Rattristato interrogò i componenti del suo seguito, i quali dissero
che il Cappellano era donno Pietro de Castro e che l’altare aveva in
dote un loco o vignale a Cocina. Il Vicario dispose di provvedere.
S.to Mattia
Altare o oratorio di jus patronato della famiglia Basoino
detenuto da madama Margarilla de Basoino e di cui era Cappellano
donno Jo : Domenico de Gerardo. L’altare di fabbrica e lapideum
aveva tre tovaglie, due coperimentis di tela, un vestimento
sacerdotale di tela, un’altra casula di damasco carmoscino cum friso
d’oro, un calice d’argento dorato con patena d’argento, un altro
calice di peltro con patena e corporali, un missale, un campanello,
un cuscino di seta, due candelabri di ottone ed un’arca nella quale
erano riposti i detti beni. L’altare aveva in dote dodici tomolate
di terra a Pantano.
S.to Bartolomeo
Altare o oratorio di jus patronato della famiglia Vicedomino
detenuto dal magnifico messer Raffaele Vicedomino e di cui era
Cappellano donno Francesco Caruso che, per il suo servimento,
riceveva uno studio e sei tari l’anno . L’altare di fabbrica era
corredato con due tovaglie ed un’altra tovaglia lacera.
S.to Bernabà
Presso l’altare o oratorio di S.to Bernabà si trovava lo jus
patronato di S.to Luca della famiglia Valente detenuto da donno
Minico de Valente, di cui era Cappellano donno Jo : Maria de
Gerardo. L’altare di fabbrica aveva tre tovaglie, un mandile, due
coperimentis di tela, un coperim.to dipinto con mayuto, un
vestimento sacerdotale di tela completo con casula rossa di cotone e
seta, un missale, un calice di peltro con patena e corporali, un
campanello piccolo ed un candelabro di creta. La sua dote era
costituita da due case palaziate in parrocchia di S.to Stefano ed un
terreno in loco detto Umbro Cernuto.
A questo punto, completata la visita della metropolitana, il Vicario
passò a quella delle altre chiese della città, iniziando dalla
parrocchiale di S.to Giovanni Battista che si trovava presso e
congiunta a questa.
S.to Giovanni Battista
La chiesa parrocchiale di S.to Giovanni Battista, appartenente
alla mensa arciarcivescovile, era detenuta dal R.do Pietro Gallo
Arciprete della cattedrale e ne era Rettore l’Ill.mo e R.mo donno
Nicola Carrafa. L’edificio era a lamia con diverse colonne marmoree,
ed al suo interno si trovava la fonte battesimale in precedenza
visitata, costituita da un vasum magnum marmoreum concavato, vicino
al quale si trovavano diverse sepolture. Al suo interno si trovava
anche un crocefisso ligneo e nel campanile c’erano due campane.
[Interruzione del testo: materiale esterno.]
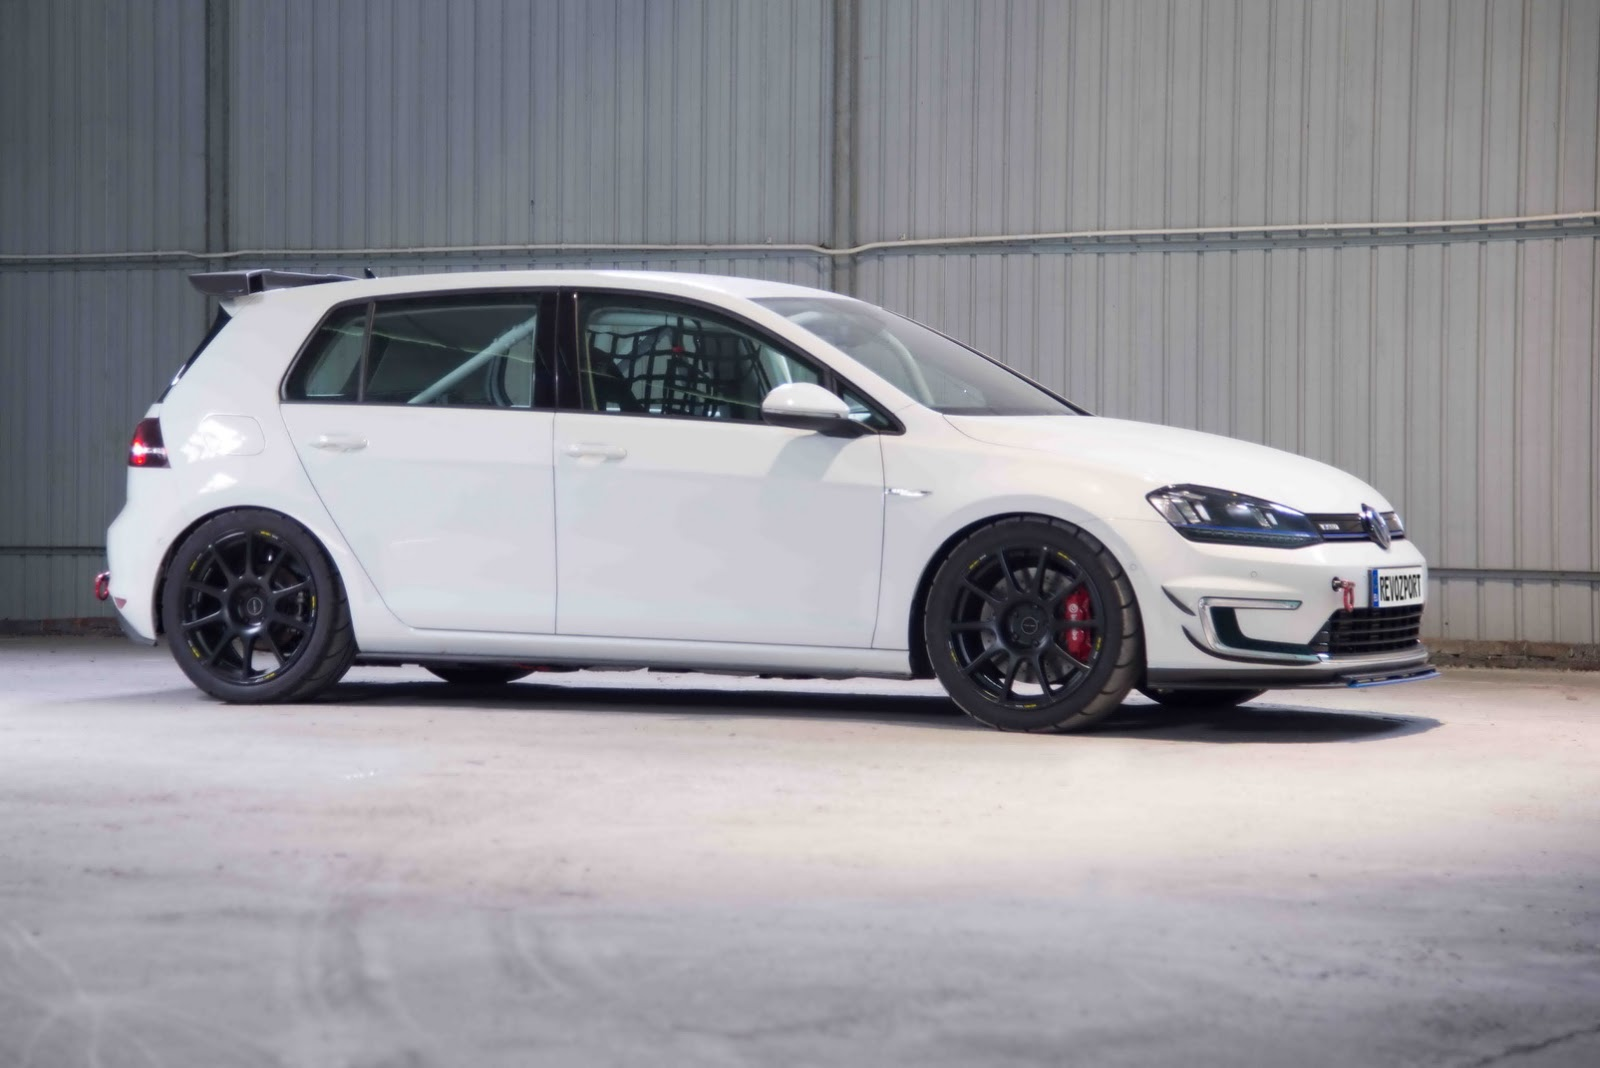 Volkswagen_e-Golf_Razor_7E_by_RevoZport_13

L’altare maggiore consacrato, era corredato dai seguenti beni: una
icona decente con l’immagine della Gloriosissima Vergine Maria e i
SS. Giovanni Battista e Giovanni Evangelista con un panno nero per
coperim.to, un calice d’argento con patena che il Vicario prescrisse
di dorare affinché potesse ricevere degnamente il SS.mo Sacramento,
un altro calice di peltro con la sua patena e corporali, due
vestimenti con le rispettive casule, una nera e una rossa, due
candelabri di ottone, un tunhrinabulum grande, quattro cuscini,
trentuno tra tovaglie e mandilia, sei coperim.ta, una lampada posta
davanti l’altare, dieci ammictos, una croce di ottone vecchio, una
cassulam per corporalibus di cipresso, un’arca e due orcioli di
creta.
La parrocchiale poteva contare sulle rendite derivanti da diversi
possedimenti: una gabella a Corazzo, un’altra gabella detta il Piro
Citrino, una casa all’interno del suo stesso ambito parrocchiale,
due vigne alla Valle delo Giardino e riscuoteva diversi censi per
complessivi quattro ducati all’anno, oltre alle decime dei suoi
parrocchiani.
Oltre all’altare maggiore la chiesa ospitava al suo interno altri
tre altari. L’altare di fabbrica sub vocabulo S.ta Croce di jus
patronato della famiglia Protopapa, di cui era Rettore l’Ill.mo e
R.mo donno Nicola Carrafa, coperto da un vetustissimo telamine.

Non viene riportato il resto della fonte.